Evaluating XAI techniques under class imbalance using CPRD data

Teena Rai^1*Jun He¹Jaspreet Kaur²Yuan Shen¹Mufti Mahmud³David J Brown¹Emma O'Dowd²David Baldwin²

• ¹Department of Computer Science, Nottingham Trent University, Nottingham, United Kingdom
• ²Division of Epidemiology and Public Health, University of Nottingham, Nottingham, United Kingdom
• ³Information and Computer Science Department, King Fahd University of Petroleum & Minerals, Dhahran, Saudi Arabia

The need for eXplainable Artificial Intelligence (XAI) in healthcare is more critical than ever, especially as regulatory frameworks like the EU AI Act mandate transparency in clinical decision support systems. Post hoc XAI techniques such as Local Interpretable Model-Agnostic Explanations (LIME) and SHapley Additive exPlanations (SHAP) are widely used to interpret Machine Learning (ML) models for disease risk prediction, particularly in tabular Electronic Health Record (EHR) data. However, their reliability under real-world scenarios is not fully understood. Class imbalance is a common challenge in many real-world datasets but it is rarely accounted for when evaluating the reliability and consistency of XAI techniques. In this study, we design a comparative evaluation framework to assess the impact of class imbalance on the consistency of model explanations generated by LIME, SHAP, and Partial Dependence Plots (PDPs). Using UK primary care data from the Clinical Practice Research Datalink (CPRD), we train three ML models: XGBoost (XGB), Random Forest (RF), and Multi-layer Perceptron (MLP), to predict lung cancer risk and evaluate how interpretability is affected under class imbalance compared against a balanced dataset. To our knowledge, this is the first study to evaluate explanation consistency under class imbalance across multiple models and interpretation methods using real-world clinical data. Our main finding is that class imbalance in the training data can significantly affect the reliability and consistency of LIME and SHAP explanations when evaluated against balanced data. To explain these empirical findings, we also present a theoretical analysis of LIME and SHAP to understand why explanations change under different class distributions.
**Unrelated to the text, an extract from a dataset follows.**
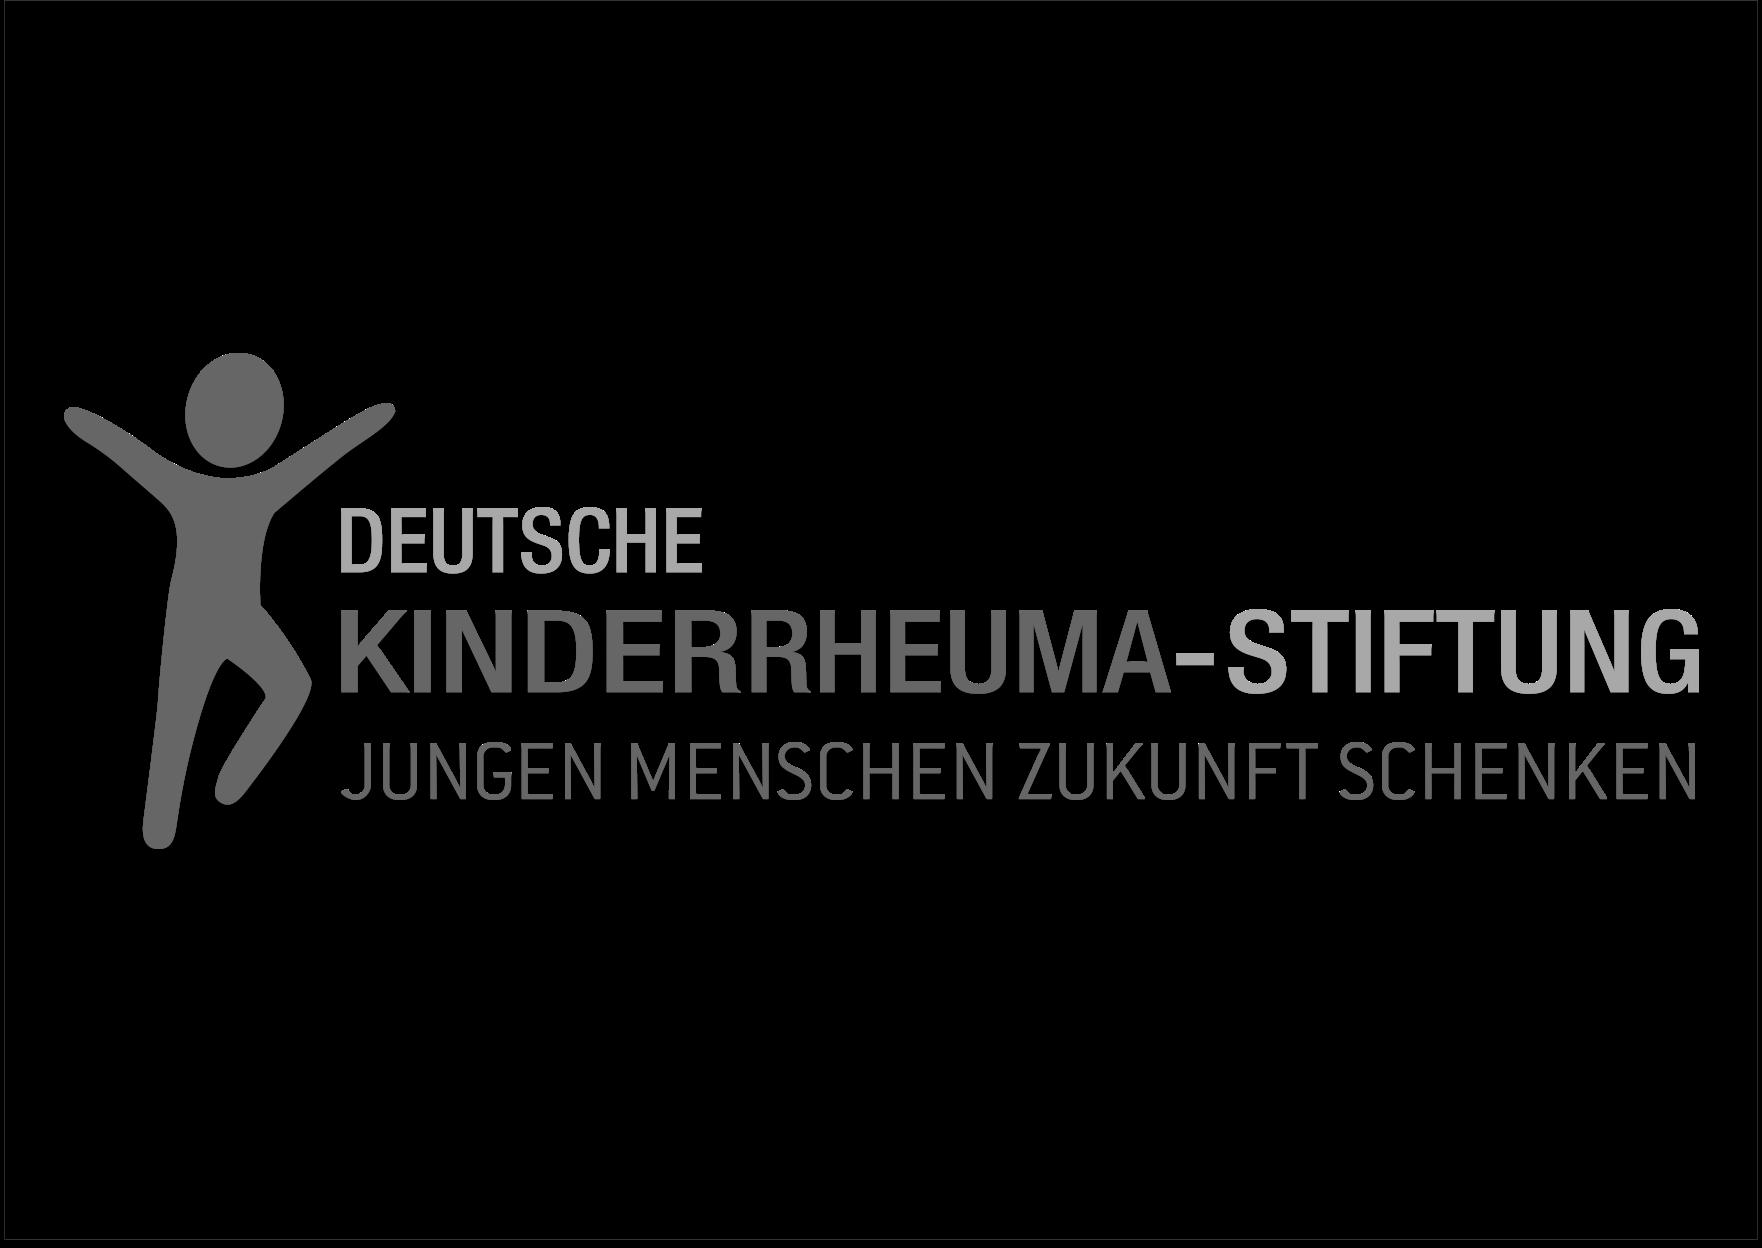 Kinderrheumastiftung logo.png

It is also found that PDPs exhibit noticeable variation between models trained on imbalanced and balanced datasets with respect to clinically relevant features for predicting lung cancer risk. These findings highlight a critical vulnerability in current XAI techniques, i.e., their interpretability are significantly affected under skewed class distributions, which is common in medical data and emphasises the importance of consistent model explanations for trustworthy ML deployment in healthcare.